MPICH/P4 environment on Linux PC cluster for large domain



From: Norm Henry [Norm.Henry@met.co.nz]
Sent: Friday, March 23, 2001 12:01 AM
Subject: RE: MM5 MPP problem

MM5 MPP Users:

This note describes a setup problem we encountered running MM5 MPP on a 
Linux PC cluster. Our domain is sufficiently large that the default memory 
allocation for shared-memory communication is too small, which leads to 
error messages about p4_shmalloc returning NULL. As per section 3.1.5 of 
the MPICH user guide, the memory allocation can be increased using the 
$P4_GLOBMEMSIZE environment variable.

In our original configuration we set $P4_GLOBMEMSIZE globally in 
/etc/profile, which normally works fine. However, if the model is executed 
with the -nolocal option it fails with the p4_shmalloc error. This is 
because /etc/profile is only read by login shells, and the shell spawned on 
the remote machine for process 0 is not a login shell.

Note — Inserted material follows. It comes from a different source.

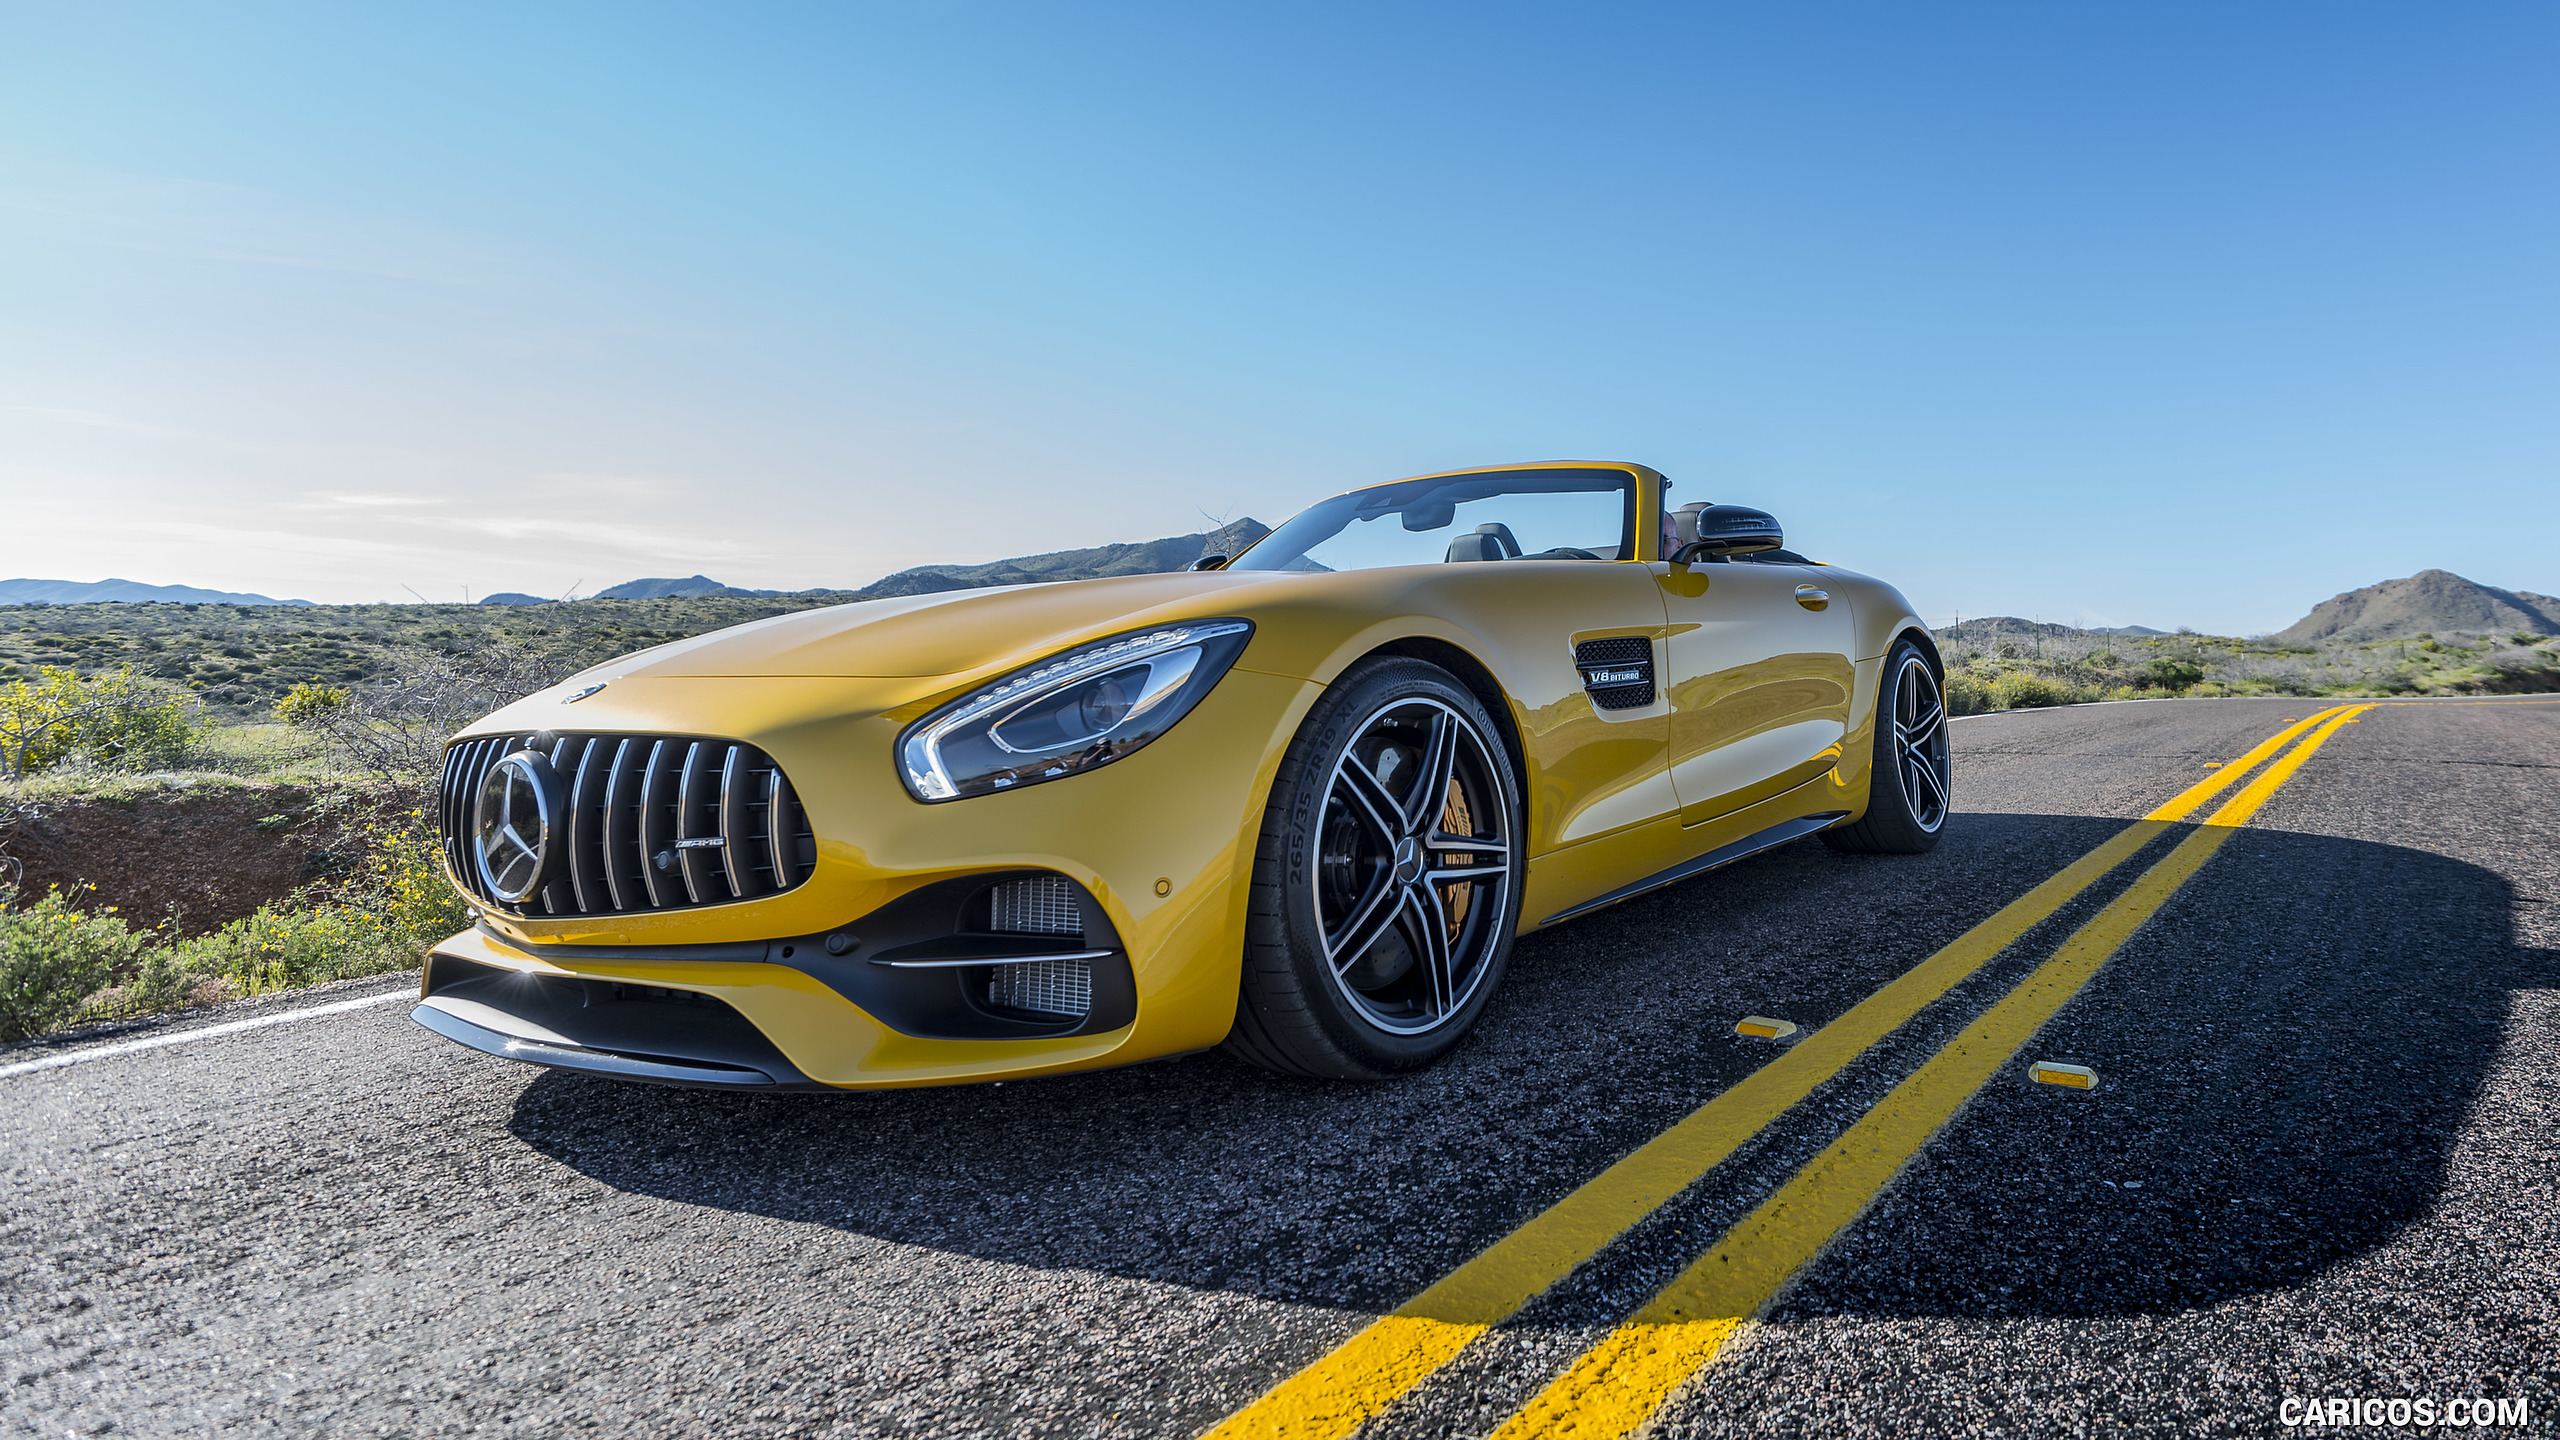 2018 Mercedes-AMG GT C Roadster - Front Three-Quarter, #230 of 350

The solution is to define $P4_GLOBMEMSIZE in the .bashrc file in the user's 
home directory on the remote machine, which is read by both login and 
non-login shells. For tcsh users the variable should be defined in either 
.tcshrc or .cshrc.

Furthermore, for scheduled jobs that are run locally (i.e. -nolocal option 
NOT used) by cron, $P4_GLOBMEMSIZE needs to be defined either in 
/etc/crontab or in the crontab file itself, since cron does not access 
/etc/profile or ~/.bashrc.

Thanks to John Michalakes for his assistance with this.

Norm Henry
National Weather Services
Meteorological Service of New Zealand